Traci Freebairn thought it was just nerves that sent her rushing from her wedding rehearsal dinner to the restroom at Trolley Square. Within minutes, though, she was on the ground, felled by a stroke at age 25.
A kind woman offered to get her help. She managed to mumble that she wasn't drunk and didn't know what was happening. "Wedding party" at the restaurant, she whispered. The woman found her family.
Relieved to wake up Saturday in the wee hours and find herself alive, though in intensive care, she was immediately distressed to realize that it was supposed to be her wedding day.
And so it became.
With about 50 people packed into the chapel at University Hospital, including a trio of late-addition guests who are nurses from the intensive care unit, Freebairn and Jason Hawk exchanged vows and were pronounced husband and wife by the same man who just hours before had given her a special blessing, LDS Bishop Richard Metcalf. At that time, her family had feared she might die.
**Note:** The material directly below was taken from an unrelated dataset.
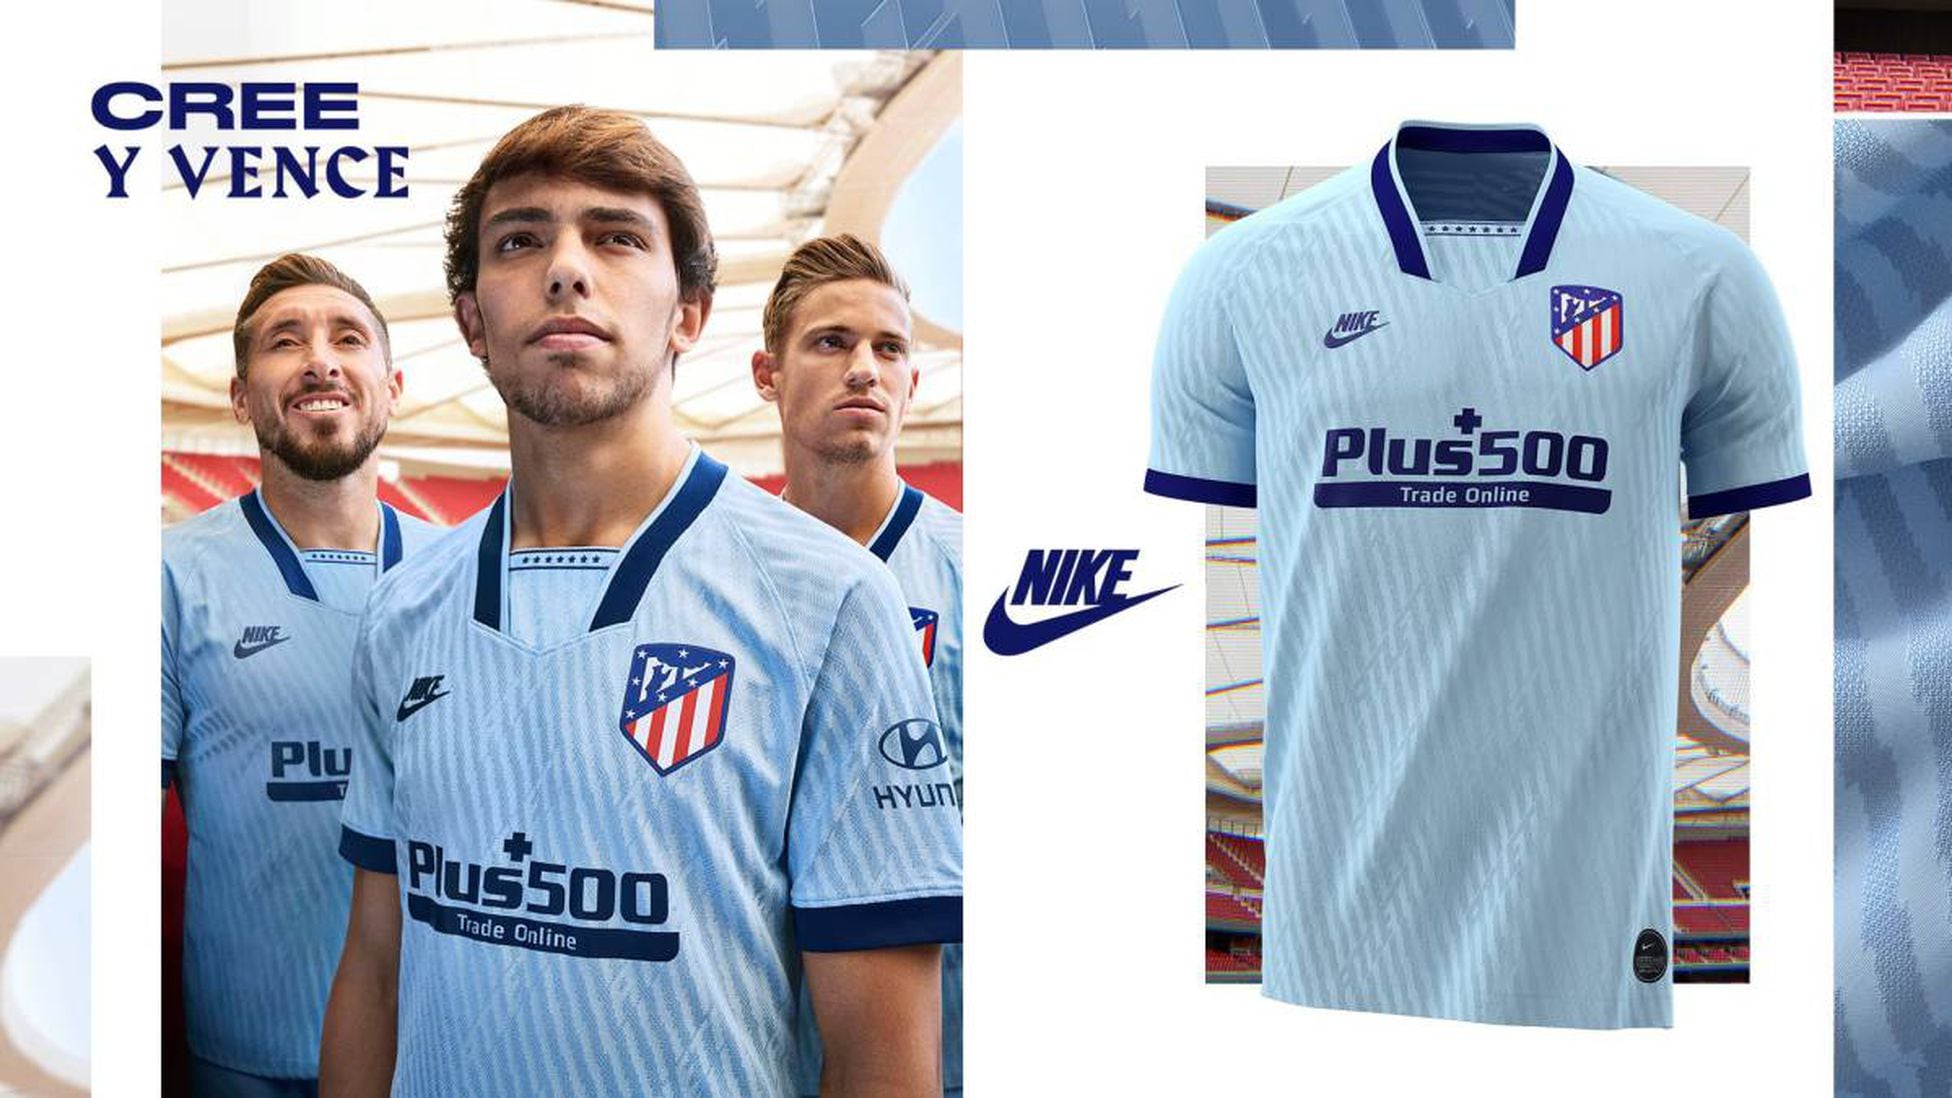 El azul celeste, color del tercer uniforme del Atlético AS.com
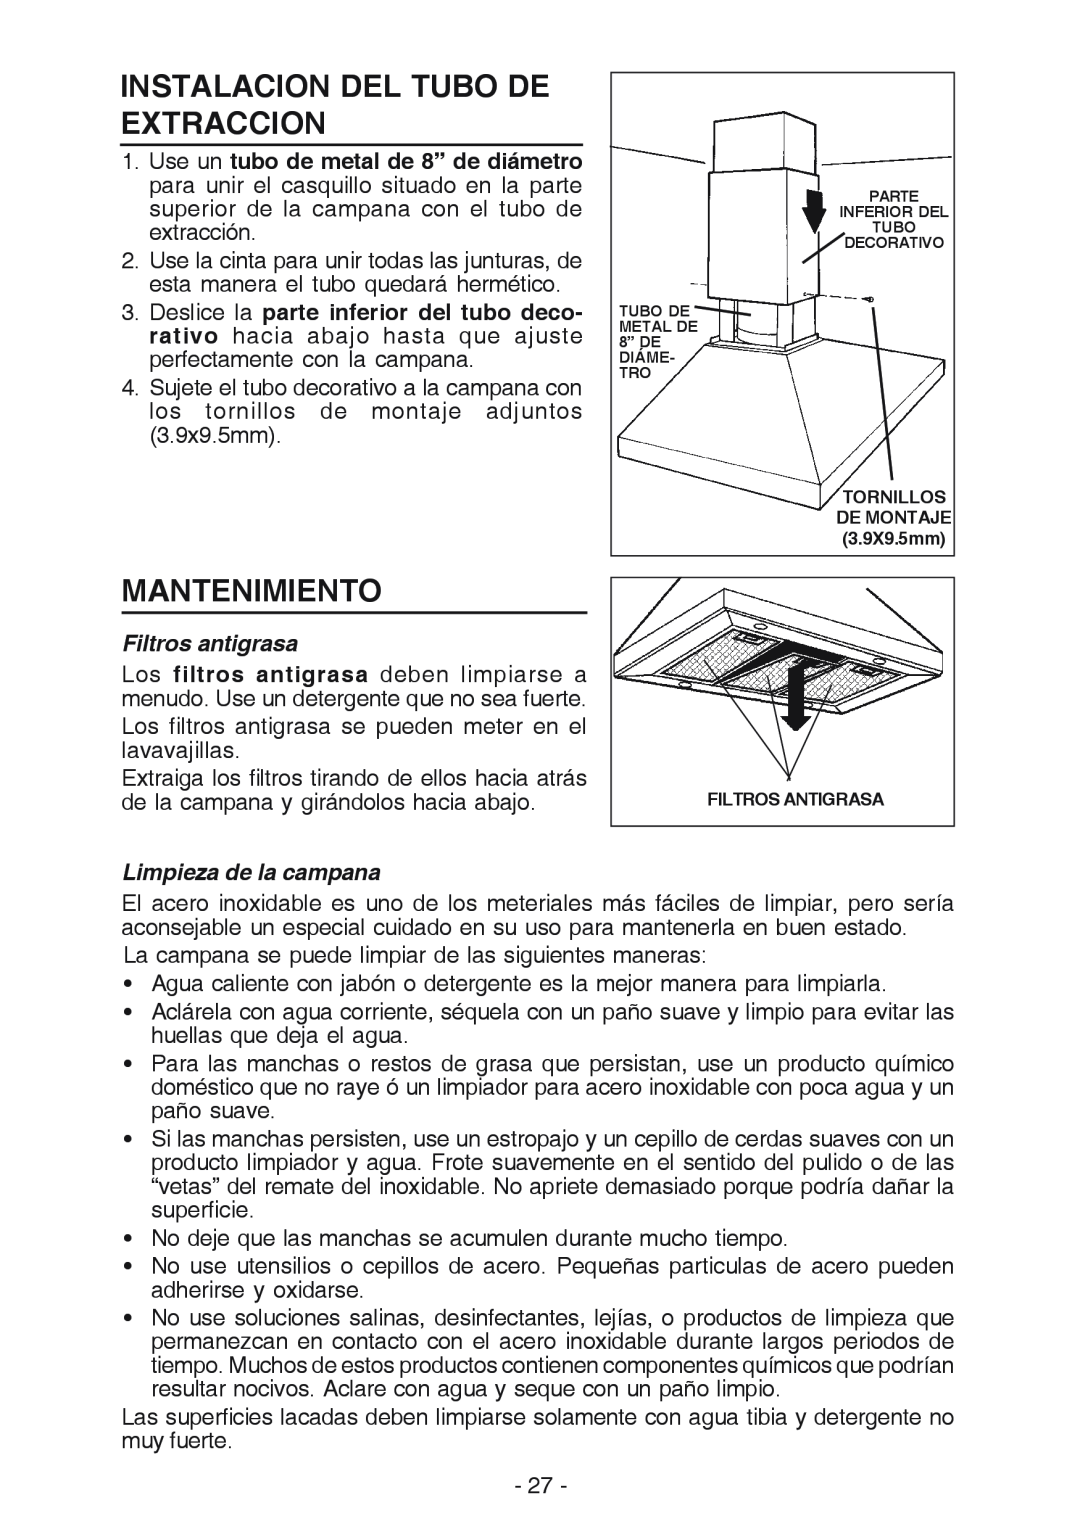 Broan 637004 manual Mantenimiento, Filtros antigrasa, Limpieza de la campana, Instalacion Del Tubo De Extraccion

The bride wore wheels, in the form of a hospital bed, exchanging her planned wedding dress for a modest gown in speckled blue and white.
The groom did, too.
"My husband's so nice. He put on a hospital gown so we'd match," the new Mrs. Hawk said from her hospital room Monday, which she was hoping to check out of later in the day so she could recover at the home of her parents, Dwayne and Doralee Freebairn.
Her wedding party wasn't quite what she'd planned in another way. One of her bridesmaids had, coincidentally, been taken to another hospital with viral meningitis.
But her in-laws, who'd flown in from Virginia, her family and "friends I've known forever" from all across the country managed to crowd into the chapel for a wedding ceremony made sweeter because a tragedy was averted.
She doesn't know why she had a stroke. As far as she knows, she had no risk factors. But she's adopted, she said, so her genetics are a mystery.
She does know that Dr. Elaine Skalabrin, an assistant professor of neurology at the U. and director of the U.'s Stroke Center, saved her life by administering tPA, tissue plasminogen activator. It's a drug that breaks up a stroke's blood clots and stops the damage, but only if it's administered in a very short period of time.
She was blessed there, too. Her father is a pharmacist and had only to look at her to send for an ambulance, which was there "so fast it was unbelievable," she said. The ambulance crew picked the U. because of its expertise with strokes.
That's where she met Skalabrin.
"She was wonderful. She kept me angry in the ER so I would fight. She was pounding on my chest and I was so angry, but it kept me awake," she said.
After they gave her tPA, they sedated her heavily for several hours. When she woke up, she felt wonderful until she remembered the intimate backyard wedding at her parents' house that was no more.
It was Jason Hawk who said, "Let's do it here." And an impromptu hospital wedding was born.
The Hawks both live in Washington, where she is an accountant studying to be a librarian and he installs windshields. That is likely to change for a while, at least. She needs to stay nearby while she adapts to medication and the reality of what happened to her. She does plan to return to Washington long enough to graduate in June but, for the foreseeable future, they're going to be living in Salt Lake. And she has a fairly intense medical regimen to face, as well.
But she's not complaining.
"I have all my feeling back on my left side. It's like it never happened, except for this brutal shiner," she said with a laugh.